Here and elsewhere
What proportion of laureates won a prize while affiliated with an institution in their country of birth? Build an aggregation pipeline to get the count of laureates who either did or did not win a prize with an affiliation country that is a substring of their country of birth -- for example, the prize affiliation country "Germany" should match the country of birth "Prussia (now Germany)".
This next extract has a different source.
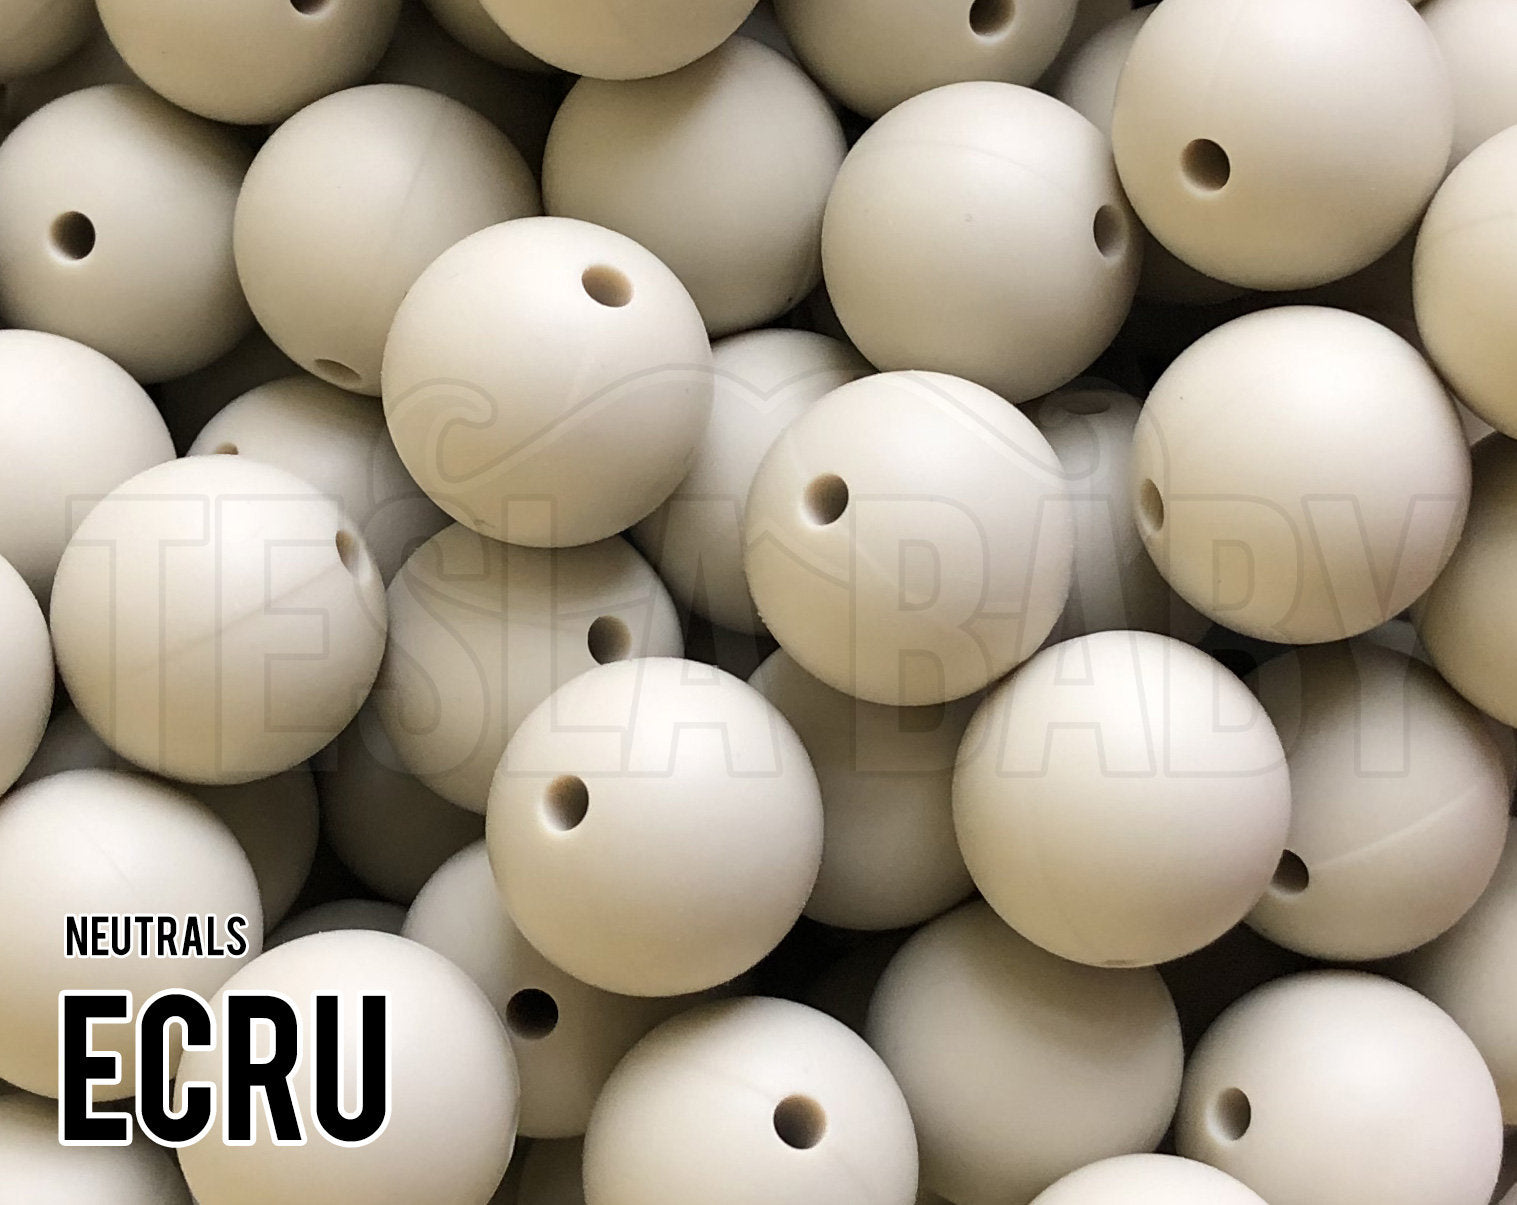 Silicone Beads, 15 mm Ecru Silicone Beads 5-1,000 (aka off white, tan, beige, light brown) Bulk Silicone Beads Wholesale
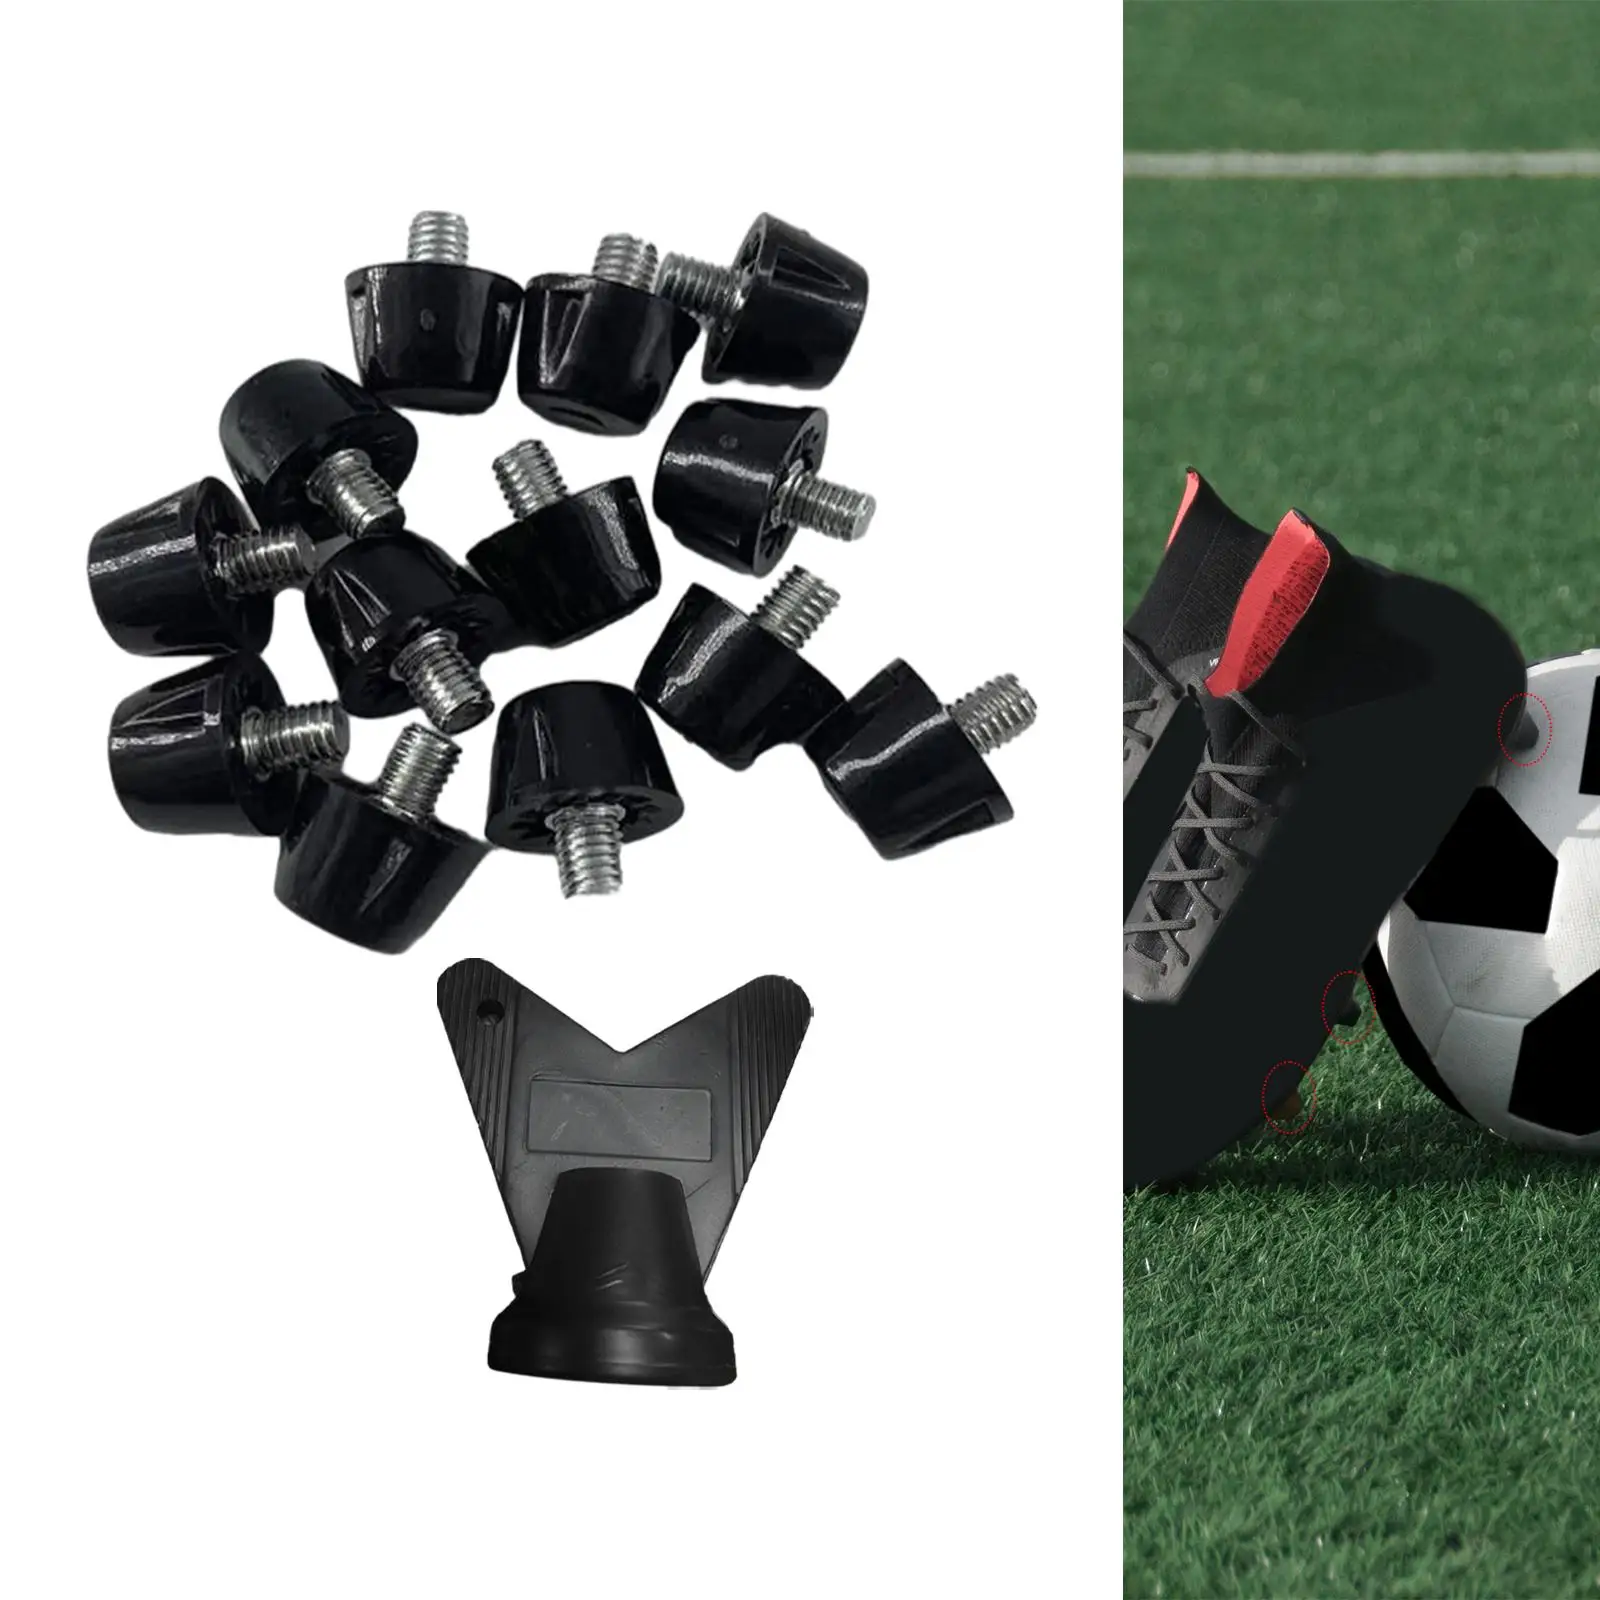 12x Football Boot Spikes Thread Screw 5mm Dia Durable Turf Soccer Boot Cleats Replacement Football Studs Track Shoe Accessories

This exercise is part of the course
Introduction to MongoDB in Python
Exercise instructions
- Use
$unwind
stages to ensure a single prize affiliation country per pipeline document. - Filter out prize-affiliation-country values that are "empty" (null, not present, etc.) -- ensure values are "$in" the list of known values.
- Produce a count of documents for each value of "affilCountrySameAsBorn" (a field we've projected for you using the
$indexOfBytes
operator) by adding 1 to the running sum.
Hands-on interactive exercise
Have a go at this exercise by completing this sample code.
key_ac = "prizes.affiliations.country"
key_bc = "bornCountry"
pipeline = [
{"$project": {key_bc: 1, key_ac: 1}},
# Ensure a single prize affiliation country per pipeline document
{____: "$prizes"},
{____: "$prizes.affiliations"},
# Ensure values in the list of distinct values (so not empty)
{"$match": {key_ac: {____: db.laureates.distinct(key_ac)}}},
{"$project": {"affilCountrySameAsBorn": {
"$gte": [{"$indexOfBytes": ["$"+key_ac, "$"+key_bc]}, 0]}}},
# Count by "$affilCountrySameAsBorn" value (True or False)
{"$group": {"_id": "$affilCountrySameAsBorn",
"count": {"$sum": ____}}},
]
for doc in db.laureates.aggregate(pipeline): print(doc)